I’m going through the Parallel Computing course at juliaacademy.com. They give this example of a prefix code being rewritten in parallel. However, the video does not go through it, and when I run it on my own, I get a lot of memory allocations in the benchmark for prefix_threads!
that I don’t know what it’s from.
Can anyone tell me why it’s doing so many allocations?
function prefix_serial!(y, ⊕)
for i=2:length(y)
y[i] = y[i-1] ⊕ y[i]
end
y
end
function prefix!(y, ⊕)
l=length(y)
k=ceil(Int, log2(l))
@inbounds for j=1:k, i=2^j:2^j:min(l, 2^k) #"reduce"
y[i] = y[i-2^(j-1)] ⊕ y[i]
end
@inbounds for j=(k-1):-1:1, i=3*2^(j-1):2^j:min(l, 2^k) #"expand"
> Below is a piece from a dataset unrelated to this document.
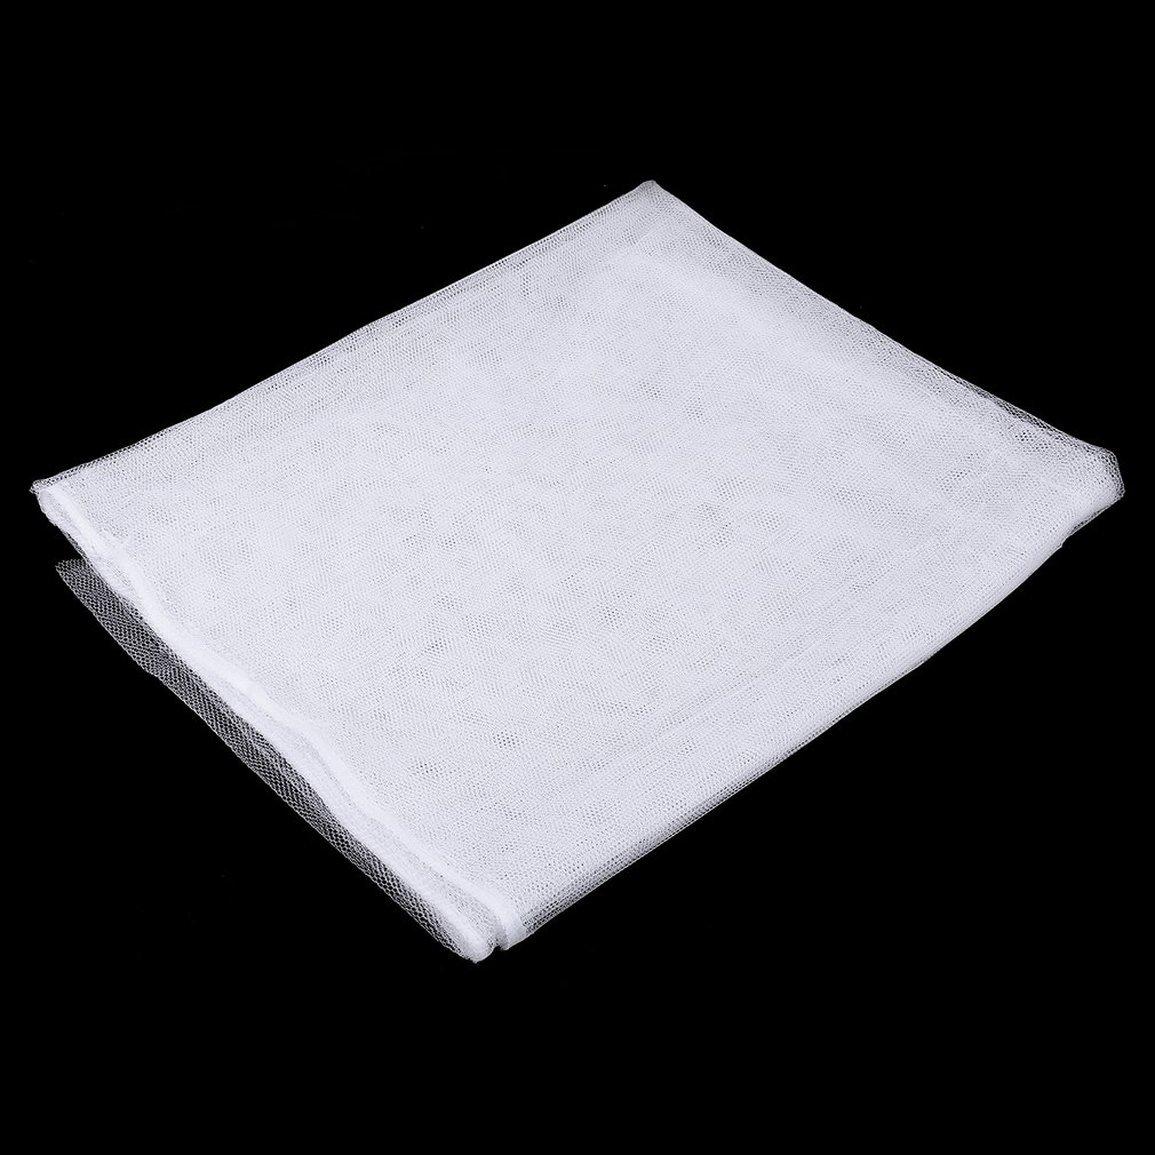 Garciasia Pr/áctico 1.5 Color: Blanco 1.3M DIY Mosquitera Cortina Pantalla de Insectos Mosca Mosquito Bug Ventana Puerta Malla de Puerta para Uso dom/éstico de Cocina

y[i] = y[i-2^(j-1)] ⊕ y[i]
end
y
end
using .Threads
function prefix_threads!(y, ⊕)
l=length(y)
k=ceil(Int, log2(l))
for j=1:k
@threads for i=2^j:2^j:min(l, 2^k) #"reduce"
@inbounds y[i] = y[i-2^(j-1)] ⊕ y[i]
end
end
for j=(k-1):-1:1
@threads for i=3*2^(j-1):2^j:min(l, 2^k) #"expand"
@inbounds y[i] = y[i-2^(j-1)] ⊕ y[i]
end
end
return y
end
A = rand(500_000);
using BenchmarkTools
@btime prefix_serial!($(copy(A)), +);
@btime prefix!($(copy(A)), +);
@btime prefix_threads!($(copy(A)), +);
1.129 ms (0 allocations: 0 bytes)
2.130 ms (0 allocations: 0 bytes)
1.297 ms (1160 allocations: 126.78 KiB)